Well it's actually an Ionic, but that's just Dean's steel bike company, same people. I ordered in mid-October and was told 4 weeks. I had heard about their wait times so I told them it was ok if it was going to take longer, but I just want a realistic wait time. I won't go into the details of it all, but it's been 15 weeks now, which is a little disappointing. They did apologize and they will be expediting shipping for free. I'm not going to bash them as I haven't even seen the bike yet, and my only gripe so far is the wait time, but then again, it wouldn't be custom if I didn't have to wait for it right...ha. I'm just really anxious to get the frame, so it's killing me...

DT


----------



## DmofoT (Jan 6, 2004)

SS Jerry said:


> I went full custom on my Ti Phil Woods from IndyFab and it took 100 days from the day I submitted the order to the day it arrived.
> 
> I was satisfied with the lead time, but very pleased with the quality of the frame and the service could not be beat.
> 
> JS


Yea if I only had the flow, your bike is straight up sick man! Congratulations. It's truely a piece of art and that paint job rocks.

DT


----------



## Mike T. (Dec 30, 2003)

*With my Seven..................*

............it was just Seven weeks. They tell you the day you order it how long it will be. You can track its progress through areas of their shop from their website with a number and password they give you. No sleepless nights, no guesswork.


----------



## DmofoT (Jan 6, 2004)

*Awesome*



Mike T. said:


> ............it was just Seven weeks. They tell you the day you order it how long it will be. You can track its progress through areas of their shop from their website with a number and password they give you. No sleepless nights, no guesswork.


That's really awesome! I can only imagine if it was like that at all builders. Of course, I guess that goes with the money. For what the Seven cost, I probably could have flown out to CO a couple of times to visit the shop and see the bike in person, ha. It's all relative, right?

Like the avatar by the way...

DT


----------



## Hollywood (Dec 30, 2003)

*Just tell me! Say it!*

I was quoted 5-7 weeks for my custom Curtlo.

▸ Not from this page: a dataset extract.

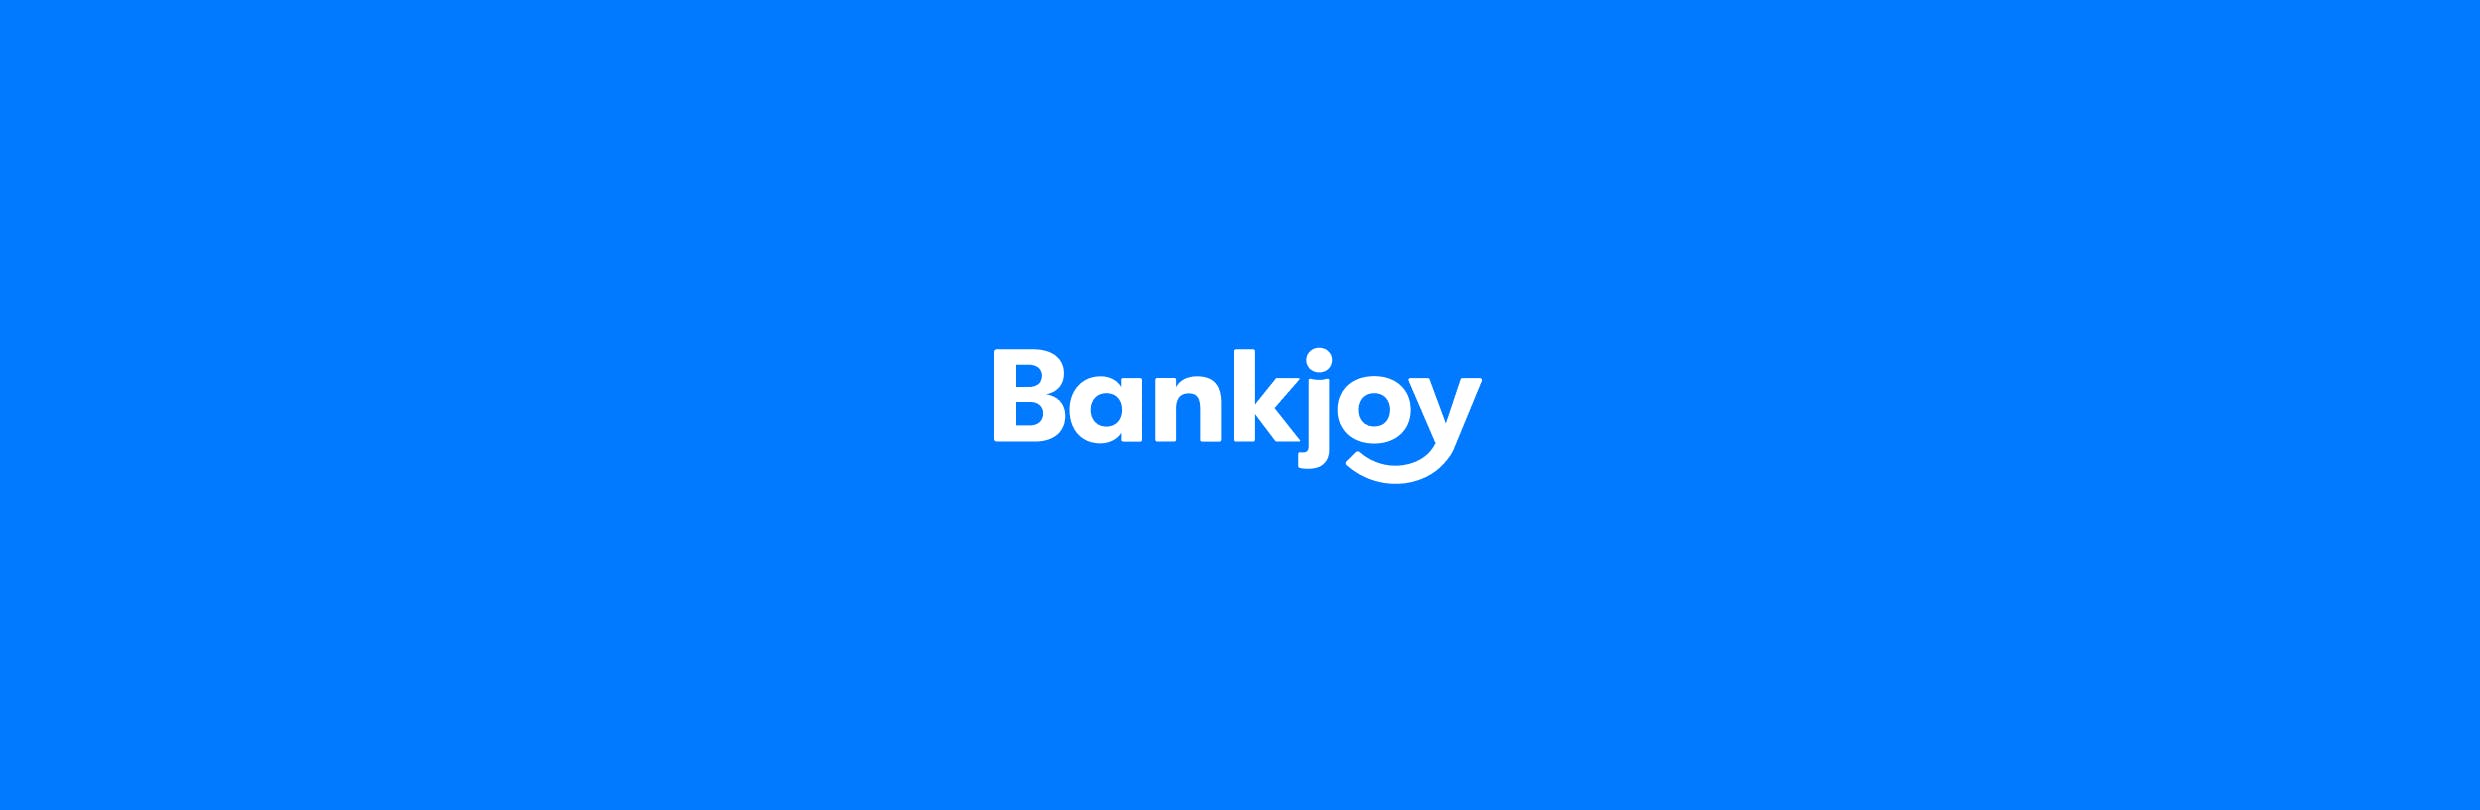 Corelation Conference, AI, and Online Account Opening Bankjoy

Turned out to be 5 months to the day (assuming it arrives today). It seems to be a common trend of small builders to radically mis-quote their lead times. I can handle someone saying "you won't see this until next year", as opposed to "yep, almost there. Any day nowwwwww....." followed by weeks of more waiting. I don't get it.

HW


----------



## 2melow (Jan 5, 2004)

*Waits....*

IF # 1 Crown Jewel Road Bike - 6 weeks

IF #2 Custom 29"er - 11 days (yes, you read right...maybe they were slow?)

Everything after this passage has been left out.